To validate our RNA-Seq results, we selected six G4-promoter genes amongst the DE genes to be assessed by qRT-PCR: PF3D7_1121300 at 30 hpi, PF3D7_0704800, PF3D7_1145200, PF3D7_1364800 and PF3D7_1429900 at 40 hpi (ADP-dependent DNA helicase RecQ protein that was recently associated with genome instability in Plasmodium [42]) and PF3D7_0613300 at 58 hpi. All genes exhibited significant changes in a trend consistent with the RNA-Seq results (Fig 9A). We then evaluated the ability of G4FS present in the promoters of PF3D7_1121300 (30 hpi), PF3D7_0704800 (40 hpi) and PF3D7_0613300 (58 hpi) to form a G4 structure in vitro (Table 3). For the remaining genes, long G repeats (≥6) or incomplete G-runs (i.e., a number of G-runs <4) in G4FS rendered difficult the study of G4 folding by biophysical methods (S4 Table). The CD spectra and TDS revealed a G4 signature for PF3D7_1121300 and PF3D7_0704800 but not PF3D7_0613300 (Fig 9B and 9C) [57,58], with Tm values of 32 ± 2°C and 53 ± 1°C for PF3D7_1121300 and PF3D7_0704800, respectively. All G4FS led to an increase of fluorescence intensity following ThT incubation (Fig 9D) [59]. The IDS of PF3D7_1121300 and PF3D7_0704800 exhibited a positive peak at 273 nm and a negative peak at 295 nm that are characteristic of G4 formation, while PF3D7_0613300 did not show a specific G4 profile (Fig 9E).
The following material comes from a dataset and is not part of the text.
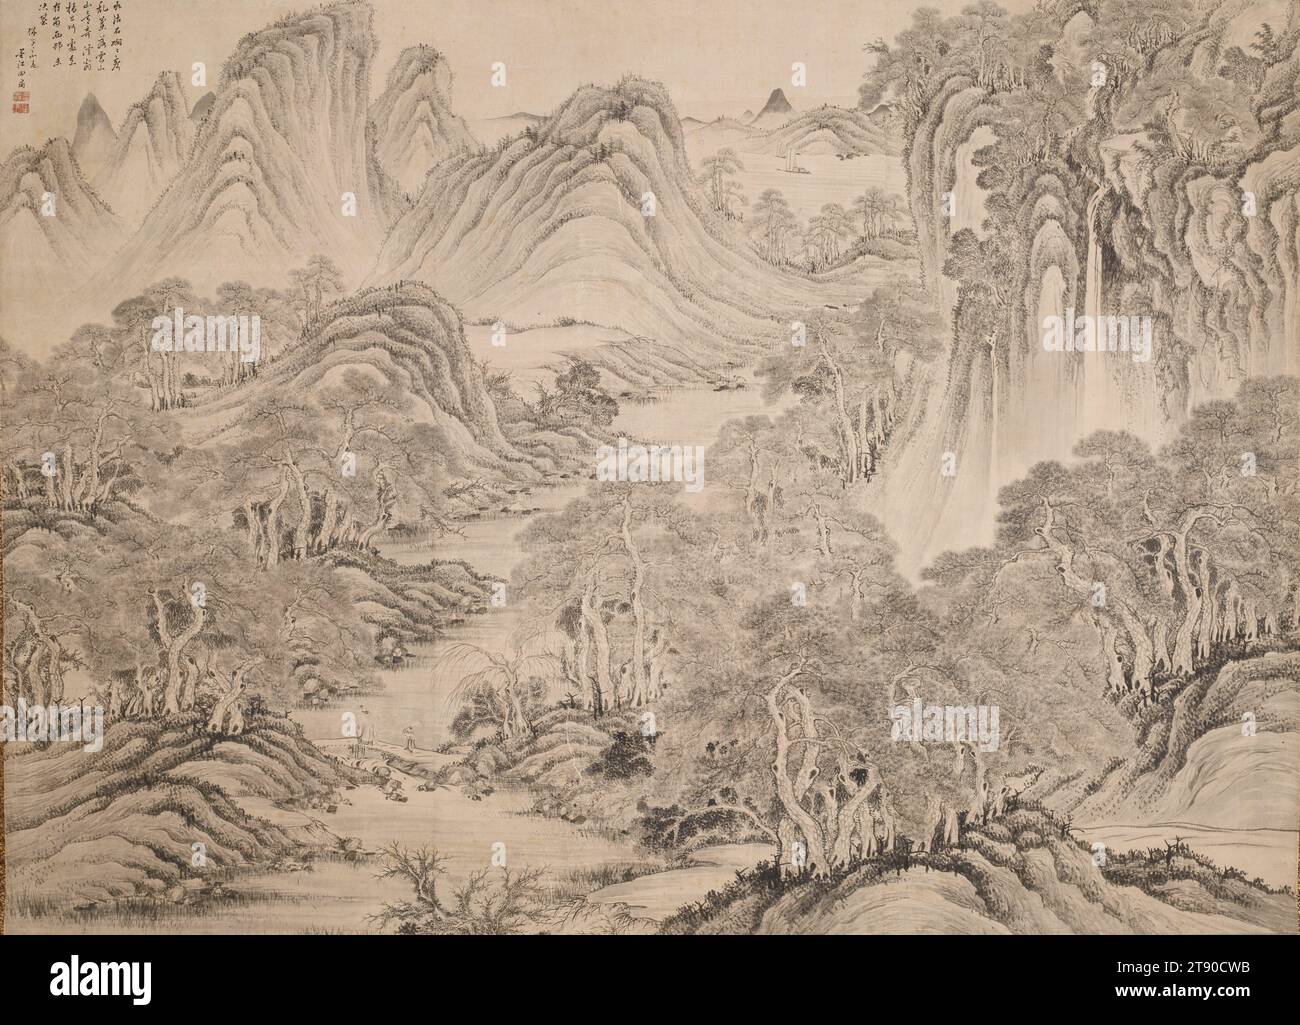 Paesaggio dopo le quattro Wangs, Inverno 1840, Okada Hankō, Giapponese, 1782 - 1846, 51 1/8 x 70 1/2 poll. (129,86 x 179,07 cm) (immagine)80 1/4 x 72" (203,84 x 182,88 cm) (Mount), Ink on paper, Japan, XIX secolo, l'opera monumentale di Okada Hankō è un tour de force nello spirito delle quattro Wangs, un circolo di pittori cinesi conservatori che hanno creato interpretazioni stilizzate di opere classiche. Questo dipinto segue i principi ortodossi di composizione - il primo piano, il terreno di mezzo e lo sfondo sono distinti ma ben integrati - mantenendo l'ordine in questo ambiente altrimenti fantastico e complesso Foto Stock

This sequence of 34 nt contains an 8-nt tail in its 5’ end (Table 3). We therefore analyzed the ability of a shorter sequence without the 8-nt tail (PF3D7_0613300-no-tail) to form a G4 (Table 3). Interestingly, CD spectra and TDS showed that PF3D7_0613300-no-tail does fold into G4 (Fig 9B and 9C, respectively), but has a low Tm value of 34 ± 2°C. The G4 formation of PF3D7_0613300-no-tail was further confirmed by ThT assay with an enhancement of emission fluorescence of ThT in presence of the G4FS, compared to ThT alone (Fig 9D). Finally, IDS of PF3D7_0613300-no-tail revealed a similar profile as PF3D7_1121300 and PF3D7_0704800 (Fig 9E), thus confirming the ability of the G4FS to fold into G4. Altogether, these results demonstrate that PDS deregulates a substantial proportion of the Plasmodium transcriptome and this effect includes G4-promoter genes.

thumbnail
Fig 9. Validation of RNA-Seq data by qRT-PCR and biophysical characterization of selected G4FS.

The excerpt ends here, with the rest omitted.